Unfortunately, the battle rages on this week, with the latest volley coming from Corecell once again. The studio has shared a follow-up statement to PQube’s response, and they obviously feel quite differently from PQube. You can read their statement in full below.

Pqube’s statement contradicts by themselves: The first contradiction is, if they already return the rights, why the game is selling in the store under their name?

https://www.xbox.com/en-GB/games/store/aeternoblade-ii/9ncls1nxtkkg

Everyone can click and check it. we never get publishing control back, we never insist to release in Oct 2019. Releasing the game requires mutual consent from both Corecell and Pqube.

We always involve Pqube in the process of QA until we think the game is good to go. Moreover, the process of manufacturing NSW, PS4 boxes requires 2-3 months and publisher money. Have you ever heard that the game developer controls the release date over the publisher?

The PC version is never in the contract. The contract says Pqube have only the first rights to refuse if we make another platform, unfortunately, they breach the contract by not paying the MG. After we sent the invoice. Pqube never answers for 4 months. We flew to the UK to discuss this in January 2020 but PQube offered to pay only 20% of the agreed amount separately for several months to end the conflict which is not acceptable for their predatory practice behavior. As a result, we terminated the contract in August 2020 before the PC version was released in September 2020.

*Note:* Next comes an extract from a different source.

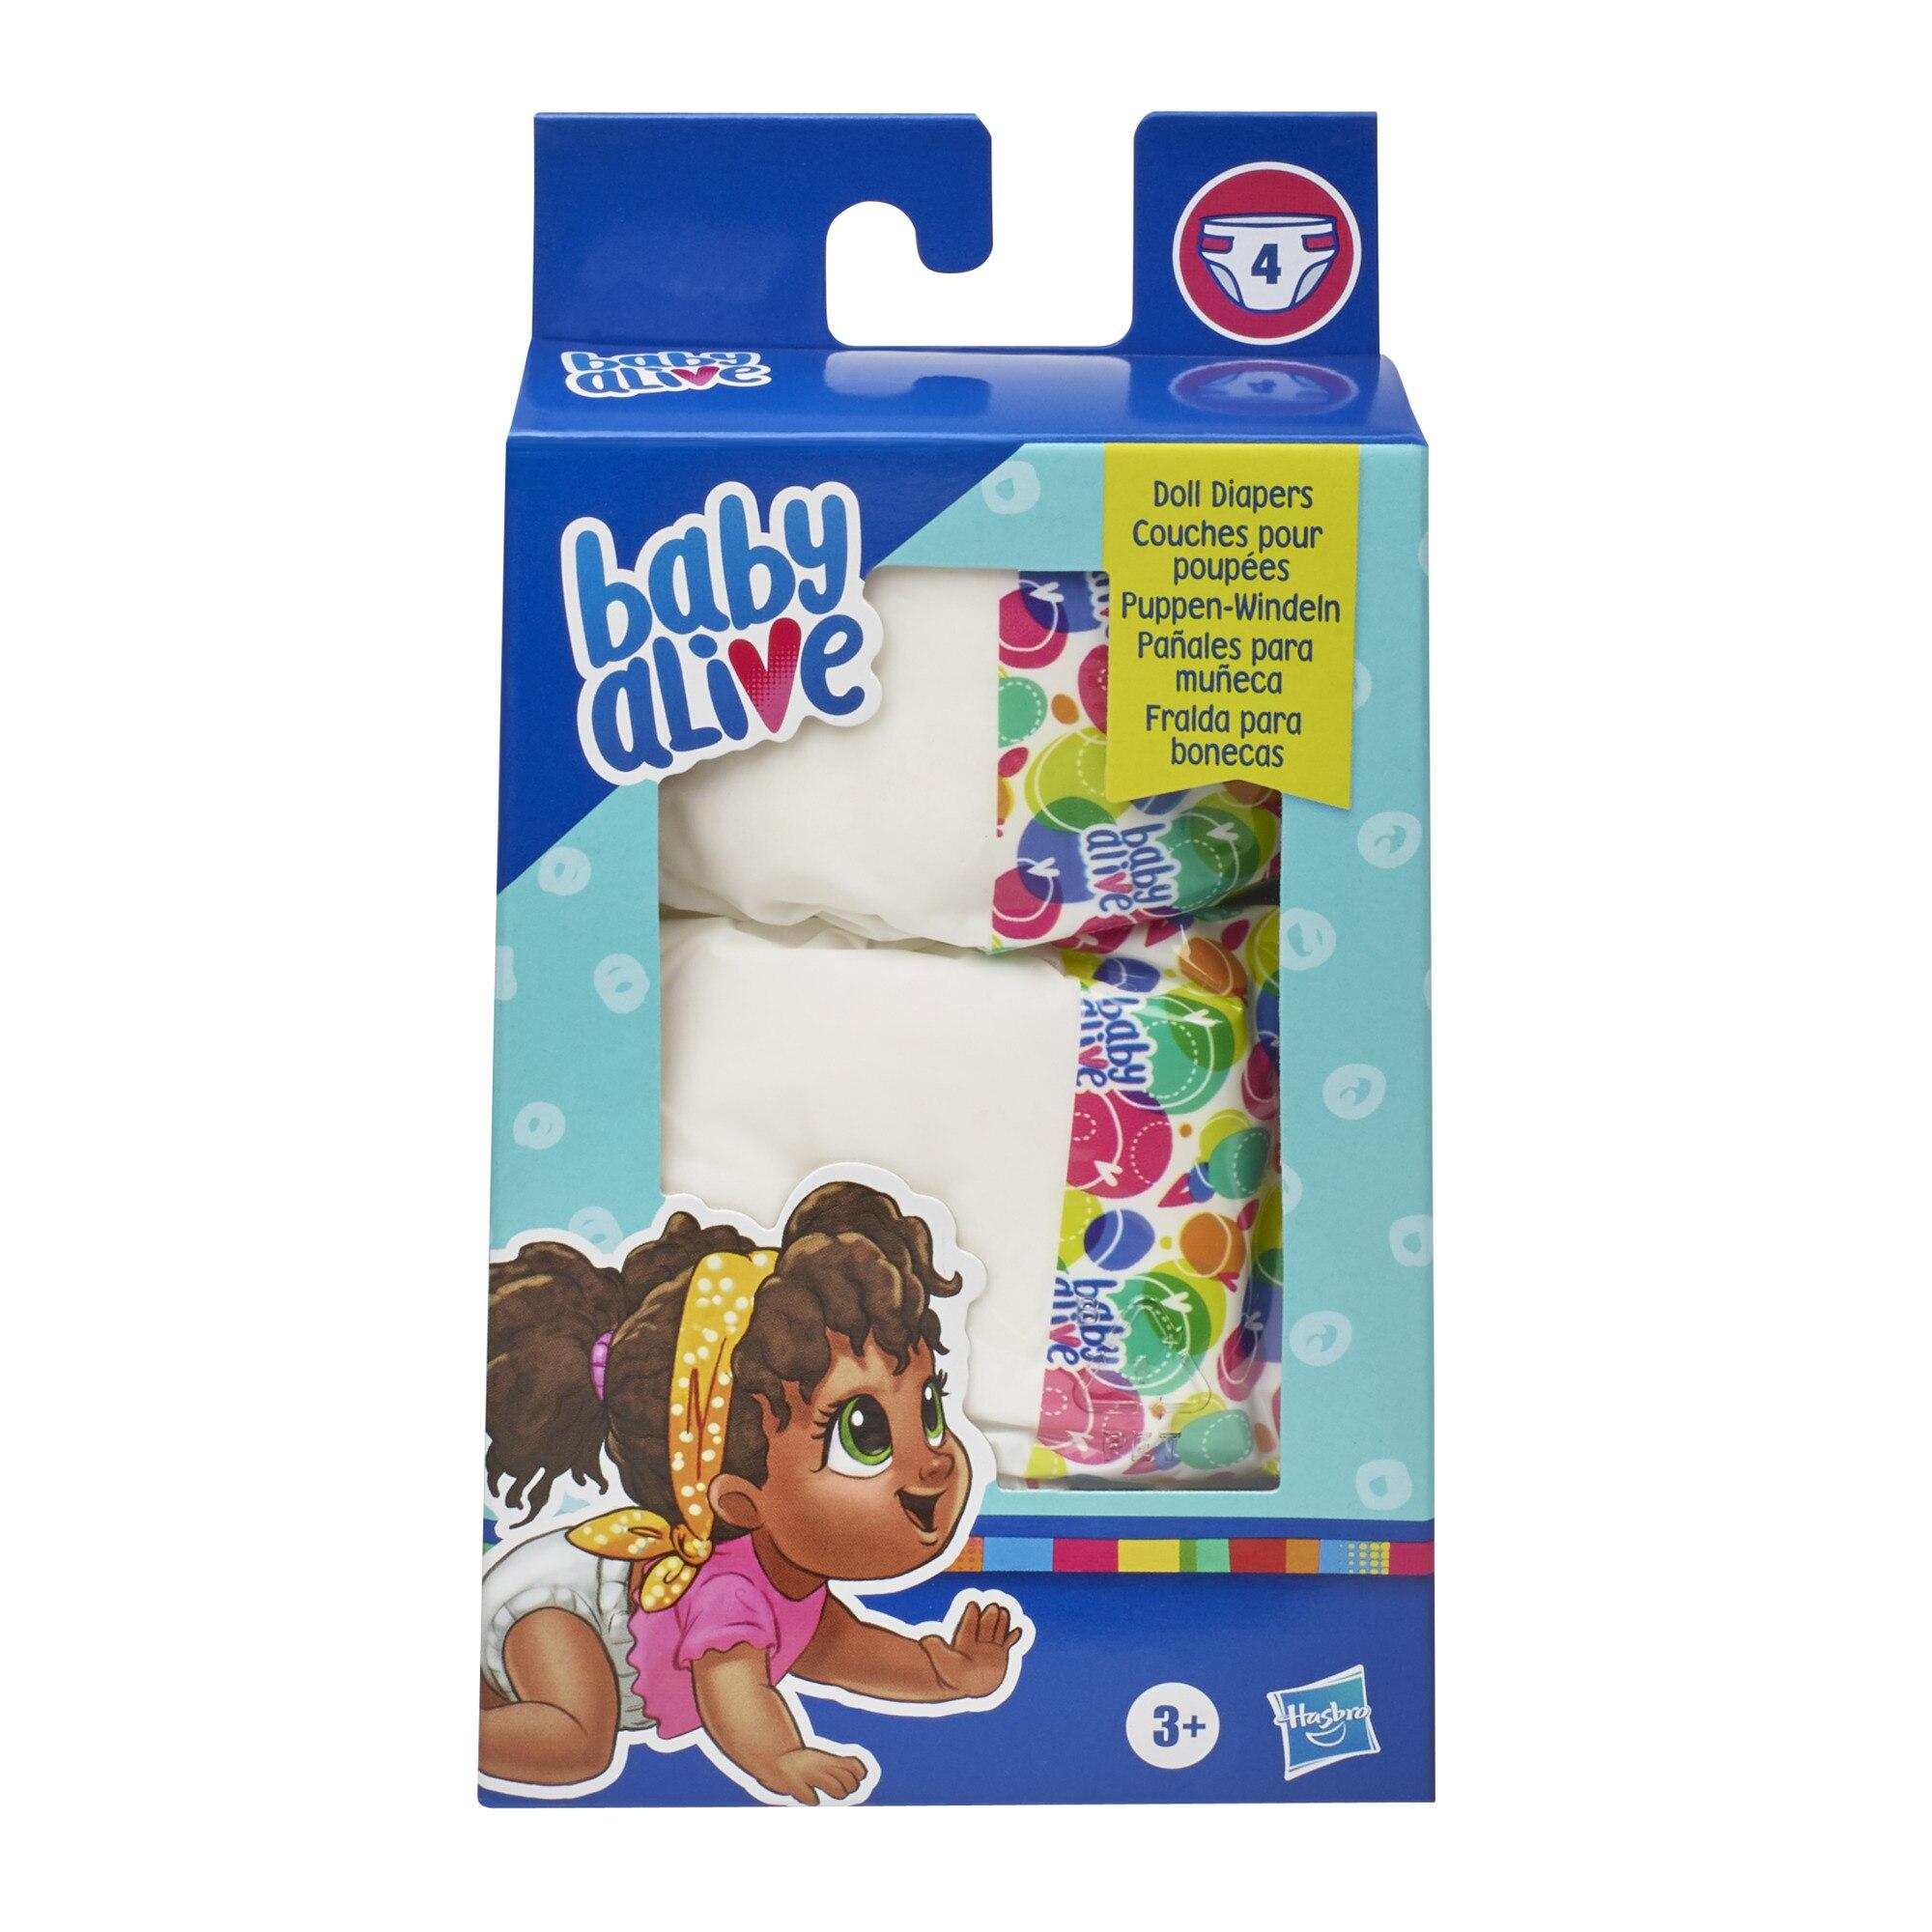 Baby Alive Diaper Refills 18 Pack

We keep asking, begging Pqube to return the game after we sent the termination letter. We don’t want any money from them anymore, just want our fans to get the new update when we update, fix bugs, and make any new content and we can get revenue from Europe to support the team to work on. Pqube requests us to sign the addendum to give up the rights to sue them and keep secret of the matter. We reject to sign anything. because the termination letter is already in effect and if Pqube continues to sell the game it is criminal to our intellectual property. Unbelievable that they never contact the platforms to return our game.

Despite what PQube said in the statement, the fact remains unchanged that: PQube has not yet paid us the agreed amount. We have not received any revenue from PQube sales in EU stores. PQube did not return the publishing control in EU back to us. There is consistency in the truth and confusion in lies.